In this case you could ignore his entire runs (we explained how to do this earlier). Better yet, simply delete them altogether. No offense to Ben, but given that he only bowled two games and his unorthodox style creates such abnormal variability, it is best now to click the Select column’s square button at the left of his first score of 200 (making him feel really bad), shift-click the button below it for the second game of 130 (not so sorry to see this gone!), then without moving your mouse, right-click and select Delete Row(s).

Click Yes on the warning that pops up about categoric contrasts (a safety precaution). Then go ahead and re-analyze the results.

It turns out that the added games cause no change in the overall conclusions as to who’s the better bowler. Mark remains on top. It would now be appropriate to recover the low and high games for each bowler from block 1. Because this data was not deleted, only ignored, getting it back is simply a matter of right-clicking to the left of each of the six suspect rows and changing Set Row Status to Normal. (Or, if you’re adept at manipulating lines of text or data with your mouse, do all rows at once using a click and shift-click.) Give this a try! Then re-analyze one last time.

By working through this exercise, you now see how easy it is to manipulate Design-Expert’s design layout.

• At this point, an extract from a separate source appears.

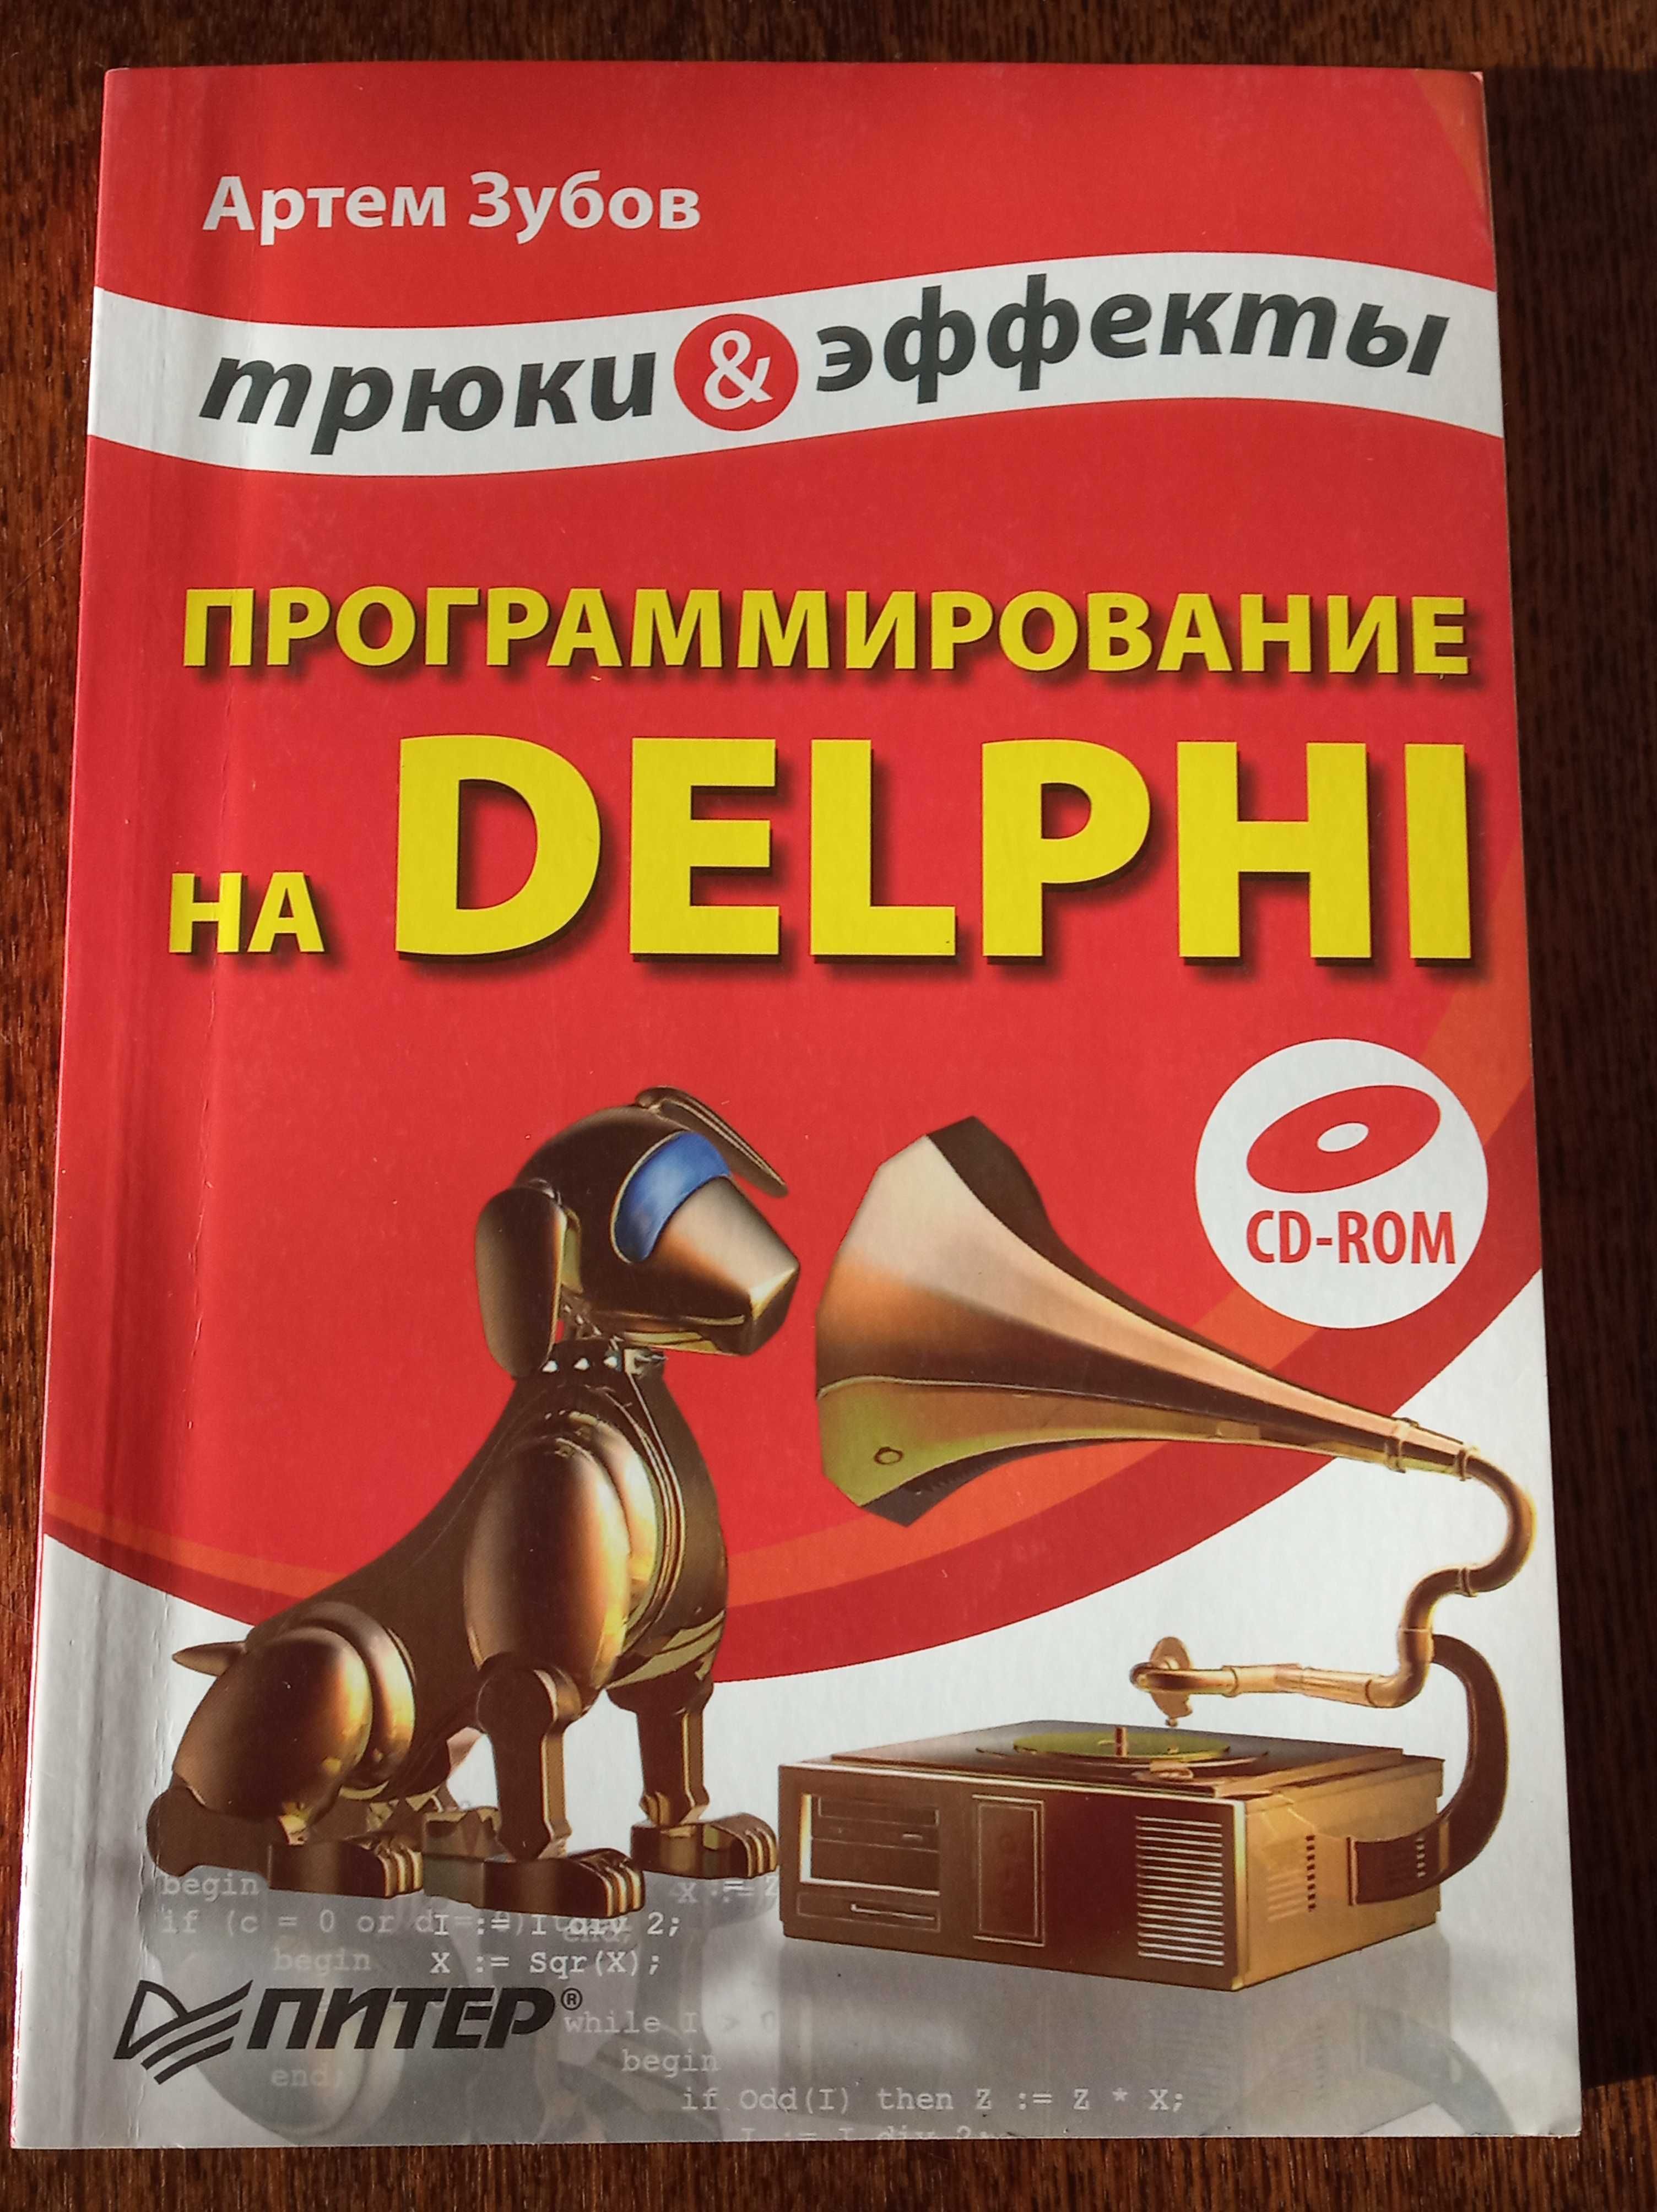 Учебник Делфи (Delphi) по программированию. Книга с примерами.

P.S. Still feeling bad about deleting Ben’s scores? Don’t worry – he gets to bowl with Pat and Shari in a lesser league. After bowling for an entire year (roughly 100 games), it will become clear whether Ben’s crazy way of bowling will pay off by achieving a good average overall. After all, his 2 game average of 165 wasn’t so bad, just inconsistent (high variability). With more data, his true ability will become more apparent.